__DATA EXTRACT__

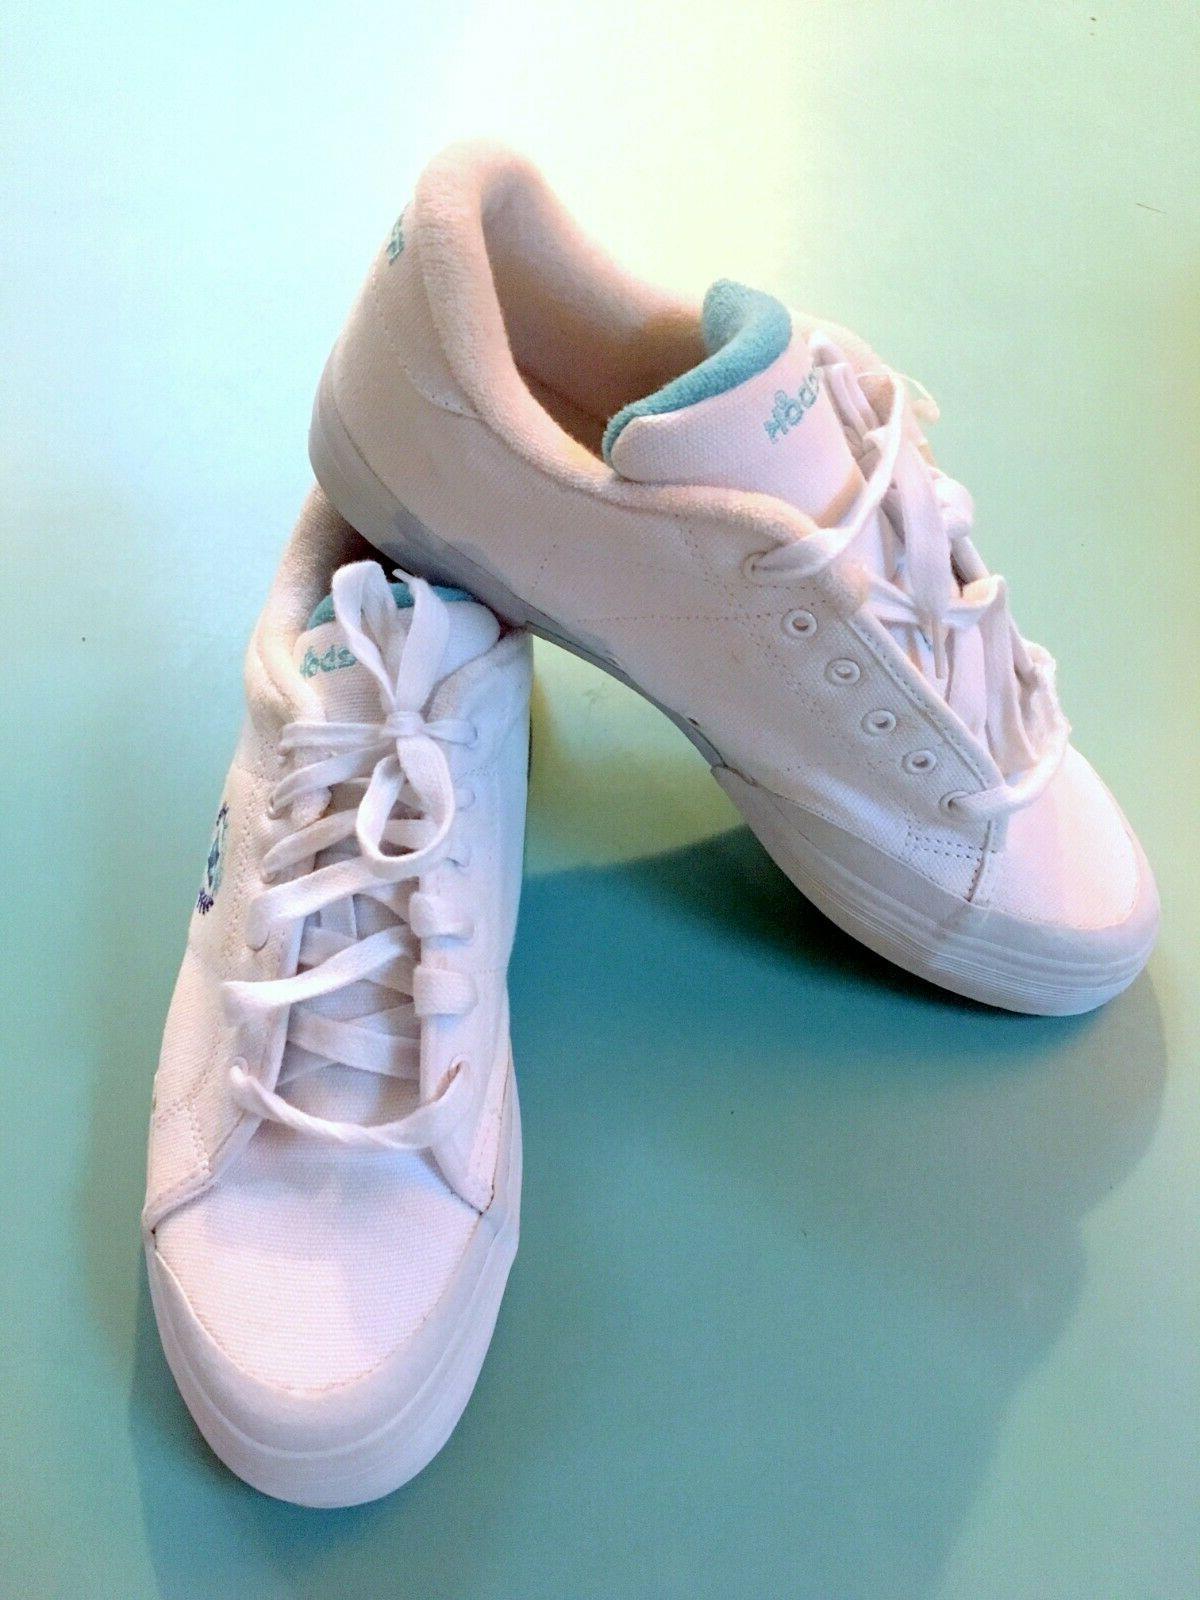 classic npc canvas insignia tennis athletic shoes
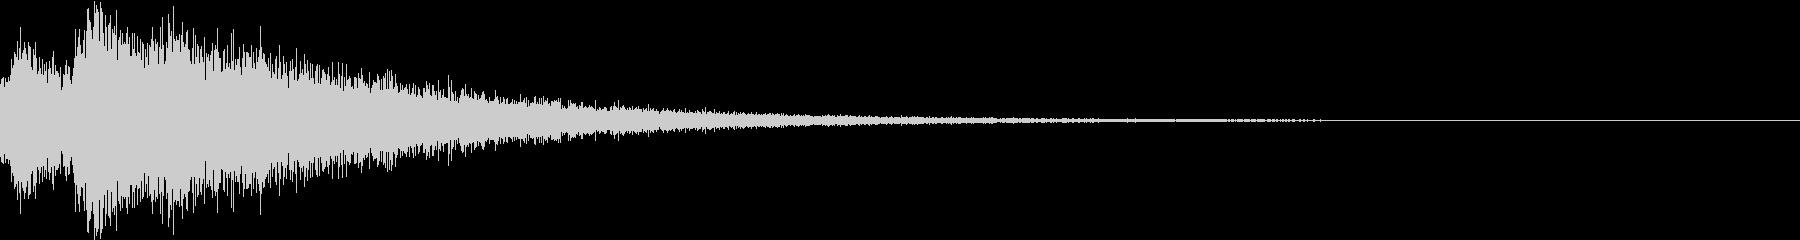 TV RADIO SFX7 結果発表前の未再生の波形
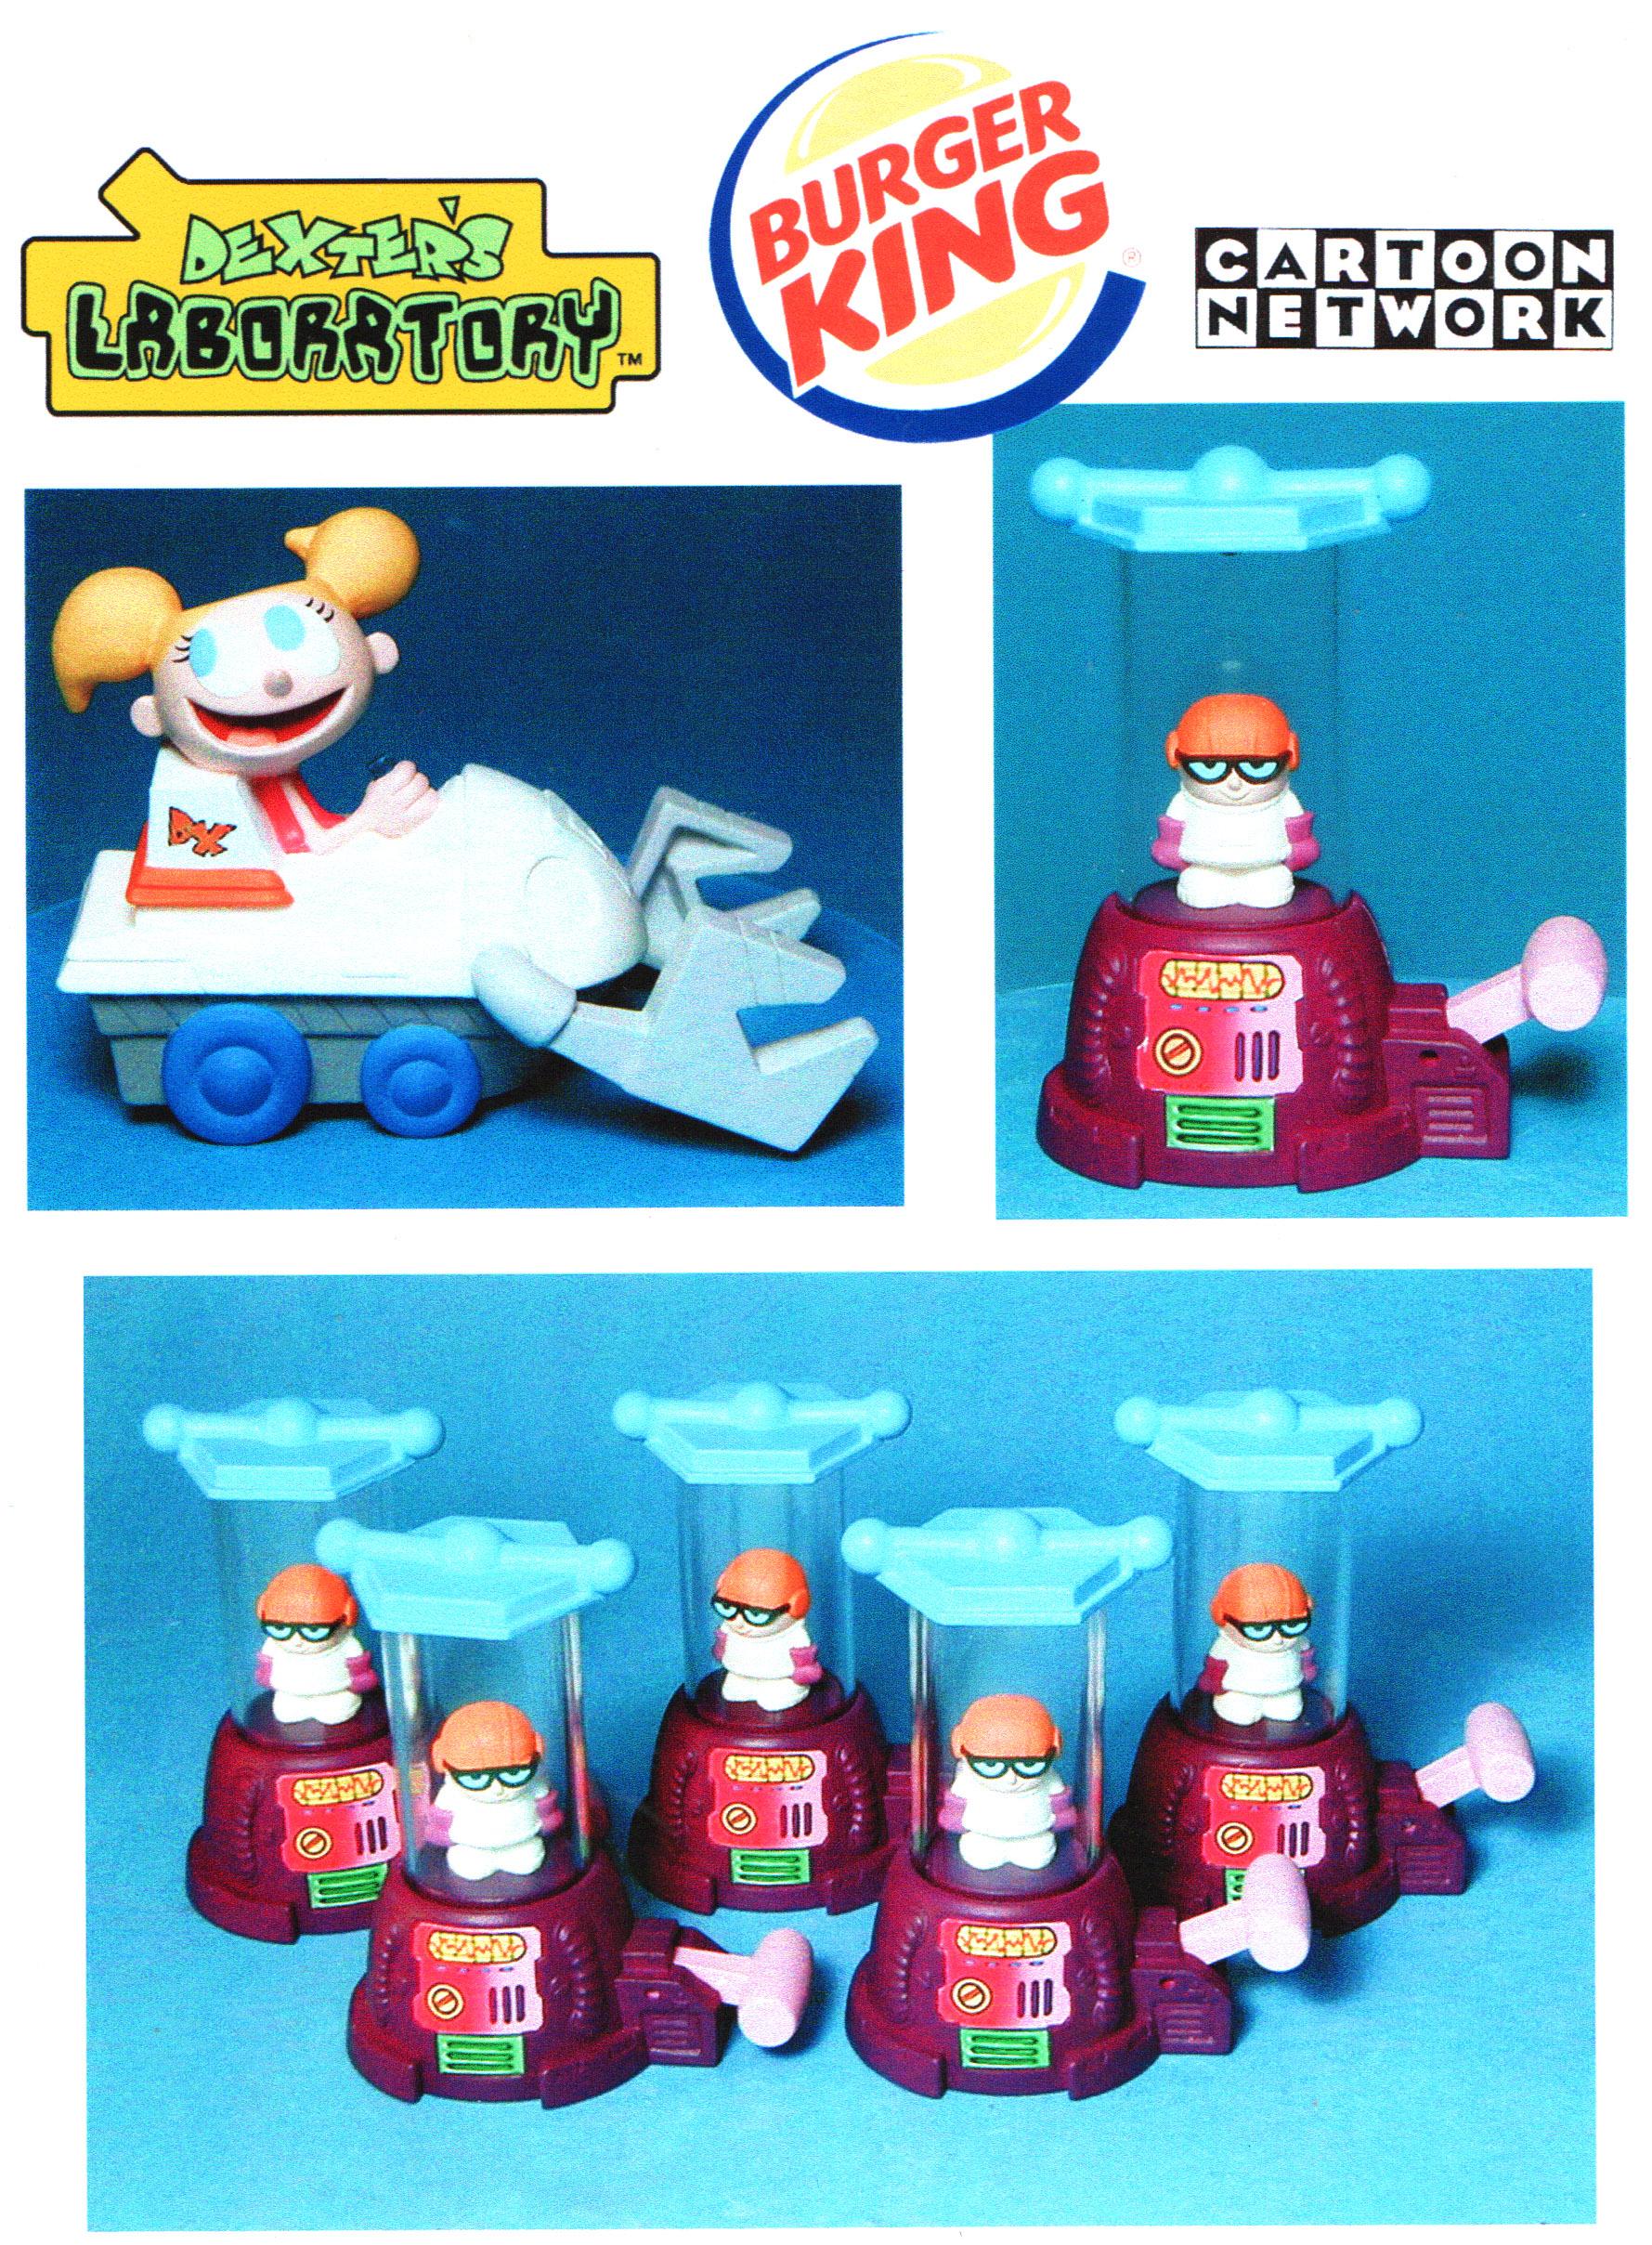 Dexter's Lab Kid's Meal, Burger King

__ASSIGNED TASK__
Strip out the pictures and reproduce the remaining material above exactly.

__TASK RESPONSE__
 classic npc canvas insignia tennis athletic shoes
 TV RADIO SFX7 結果発表前の未再生の波形
 Dexter's Lab Kid's Meal, Burger King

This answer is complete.